Lee Samaha, The Motley Fool

There are the headlines and then there are the details behind the headlines. The former read very well for General Electric (NYSE: GE) at the recent Paris Air Show, because the company undoubtedly had a very successful event. However, it's clear that there are some negative points as well. Let's have a look at the key takeaways.

GE's headlines from the Paris Air Show

Many commentators declared GE as the big winner from Le Bourget -- and for good reason. After all, GE Aviation booked some $55 billion worth of orders, including orders and commitments for 1,150 LEAP engines and long-term service agreements (LTSA) worth around $50.2 billion.

CFM International's LEAP engine.

The CFM LEAP engine. Image source: Chris New for GE Reports.

It gets better. A Bloomberg article citing Cirium research claimed GE's joint venture with Safran, CFM International, won nearly three-quarters of engine orders on the Airbus A320neo -- highly significant as CFM's LEAP competes directly with an engine made by United Technologies' (NYSE: UTX) Pratt & Whitney on the aircraft.

It gets even better. One of the major orders (some $20 billion) was with Indian budget airline IndiGo for LEAP engines (including an LTSA) to power 280 of its next A320neo and A321neo aircraft. This is highly significant as IndiGo had previously used Pratt & Whitney's geared turbofan (GTF) on its A320neo family of aircraft. In addition, CFM signed a $23 billion deal to sell 200 LEAP engines to AirAsia to power 100 of its Airbus A321neo airplanes. In addition, International Airlines Group (IAG) ordered 100 LEAP engines to power 55 Airbus A320neo aircraft, and signed a letter of intent for 200 Boeing (NYSE: BA) 737 MAX airplanes -- the LEAP is the sole engine option on the Boeing 737 MAX.

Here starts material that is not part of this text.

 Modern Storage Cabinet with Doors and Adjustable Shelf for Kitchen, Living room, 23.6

Putting it all together, GE appears to be winning against United Technologies on the Airbus A320neo family, and there was even some unexpectedly good news with the IAG orders on Boeing's still-grounded 737 MAX. Time to declare victory?

On closer inspection

Unfortunately, it's rarely that clear and the following points should be noted.

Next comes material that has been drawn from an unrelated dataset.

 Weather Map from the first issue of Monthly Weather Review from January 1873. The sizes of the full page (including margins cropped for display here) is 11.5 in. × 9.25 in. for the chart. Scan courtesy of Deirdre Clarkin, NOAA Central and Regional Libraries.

First, the deal values that GE is reporting are in terms of list prices, and it's likely that discounts were offered in order to win the business.

Second, the two major deals signed at the event can't be regarded as major surprises. For example, AirAsia has been a CFM customer for a couple of decades and was one of the first to order LEAP engines.

The other big deal (IndiGo) is obviously good news for GE, but it might have been influenced by the well-publicized problems that IndiGo has had with Pratt & Whitney's GTF. In fact, IndiGo has previously had to ground aircraft while waiting for a fix for the technical problems on the GTF engine.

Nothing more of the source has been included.